■ Exercise
Please print exactly the lines running from the one that contains "London, UK - January" to the end of the data, with both lines included.

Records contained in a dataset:
_ _ _ _ _

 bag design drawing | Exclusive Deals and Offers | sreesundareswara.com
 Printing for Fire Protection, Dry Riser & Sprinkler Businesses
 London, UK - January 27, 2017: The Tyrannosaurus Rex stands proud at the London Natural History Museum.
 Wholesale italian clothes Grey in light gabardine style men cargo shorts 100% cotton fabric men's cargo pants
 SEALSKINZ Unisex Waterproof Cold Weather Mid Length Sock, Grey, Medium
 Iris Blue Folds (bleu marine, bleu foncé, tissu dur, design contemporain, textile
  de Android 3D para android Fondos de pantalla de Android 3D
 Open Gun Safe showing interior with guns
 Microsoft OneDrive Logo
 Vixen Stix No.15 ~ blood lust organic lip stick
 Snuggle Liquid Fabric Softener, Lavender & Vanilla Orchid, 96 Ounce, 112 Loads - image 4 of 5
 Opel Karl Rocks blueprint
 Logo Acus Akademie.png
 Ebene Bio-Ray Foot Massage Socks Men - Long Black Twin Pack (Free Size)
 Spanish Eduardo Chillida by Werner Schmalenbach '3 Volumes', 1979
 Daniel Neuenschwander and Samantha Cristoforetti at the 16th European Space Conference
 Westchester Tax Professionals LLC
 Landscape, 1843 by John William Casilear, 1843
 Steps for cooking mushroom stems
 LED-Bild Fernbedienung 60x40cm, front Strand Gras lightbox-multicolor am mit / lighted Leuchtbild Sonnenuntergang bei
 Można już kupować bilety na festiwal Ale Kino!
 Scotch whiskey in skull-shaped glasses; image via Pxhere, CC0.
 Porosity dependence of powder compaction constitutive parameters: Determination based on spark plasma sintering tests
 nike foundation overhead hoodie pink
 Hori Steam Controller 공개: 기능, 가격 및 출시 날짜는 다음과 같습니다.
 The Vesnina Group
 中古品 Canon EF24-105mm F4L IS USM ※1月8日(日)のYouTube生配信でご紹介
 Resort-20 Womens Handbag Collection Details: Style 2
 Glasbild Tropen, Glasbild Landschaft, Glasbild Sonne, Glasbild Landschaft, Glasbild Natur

_ _ _ _ _

■ Completed task
 London, UK - January 27, 2017: The Tyrannosaurus Rex stands proud at the London Natural History Museum.
 Wholesale italian clothes Grey in light gabardine style men cargo shorts 100% cotton fabric men's cargo pants
 SEALSKINZ Unisex Waterproof Cold Weather Mid Length Sock, Grey, Medium
 Iris Blue Folds (bleu marine, bleu foncé, tissu dur, design contemporain, textile
  de Android 3D para android Fondos de pantalla de Android 3D
 Open Gun Safe showing interior with guns
 Microsoft OneDrive Logo
 Vixen Stix No.15 ~ blood lust organic lip stick
 Snuggle Liquid Fabric Softener, Lavender & Vanilla Orchid, 96 Ounce, 112 Loads - image 4 of 5
 Opel Karl Rocks blueprint
 Logo Acus Akademie.png
 Ebene Bio-Ray Foot Massage Socks Men - Long Black Twin Pack (Free Size)
 Spanish Eduardo Chillida by Werner Schmalenbach '3 Volumes', 1979
 Daniel Neuenschwander and Samantha Cristoforetti at the 16th European Space Conference
 Westchester Tax Professionals LLC
 Landscape, 1843 by John William Casilear, 1843
 Steps for cooking mushroom stems
 LED-Bild Fernbedienung 60x40cm, front Strand Gras lightbox-multicolor am mit / lighted Leuchtbild Sonnenuntergang bei
 Można już kupować bilety na festiwal Ale Kino!
 Scotch whiskey in skull-shaped glasses; image via Pxhere, CC0.
 Porosity dependence of powder compaction constitutive parameters: Determination based on spark plasma sintering tests
 nike foundation overhead hoodie pink
 Hori Steam Controller 공개: 기능, 가격 및 출시 날짜는 다음과 같습니다.
 The Vesnina Group
 中古品 Canon EF24-105mm F4L IS USM ※1月8日(日)のYouTube生配信でご紹介
 Resort-20 Womens Handbag Collection Details: Style 2
 Glasbild Tropen, Glasbild Landschaft, Glasbild Sonne, Glasbild Landschaft, Glasbild Natur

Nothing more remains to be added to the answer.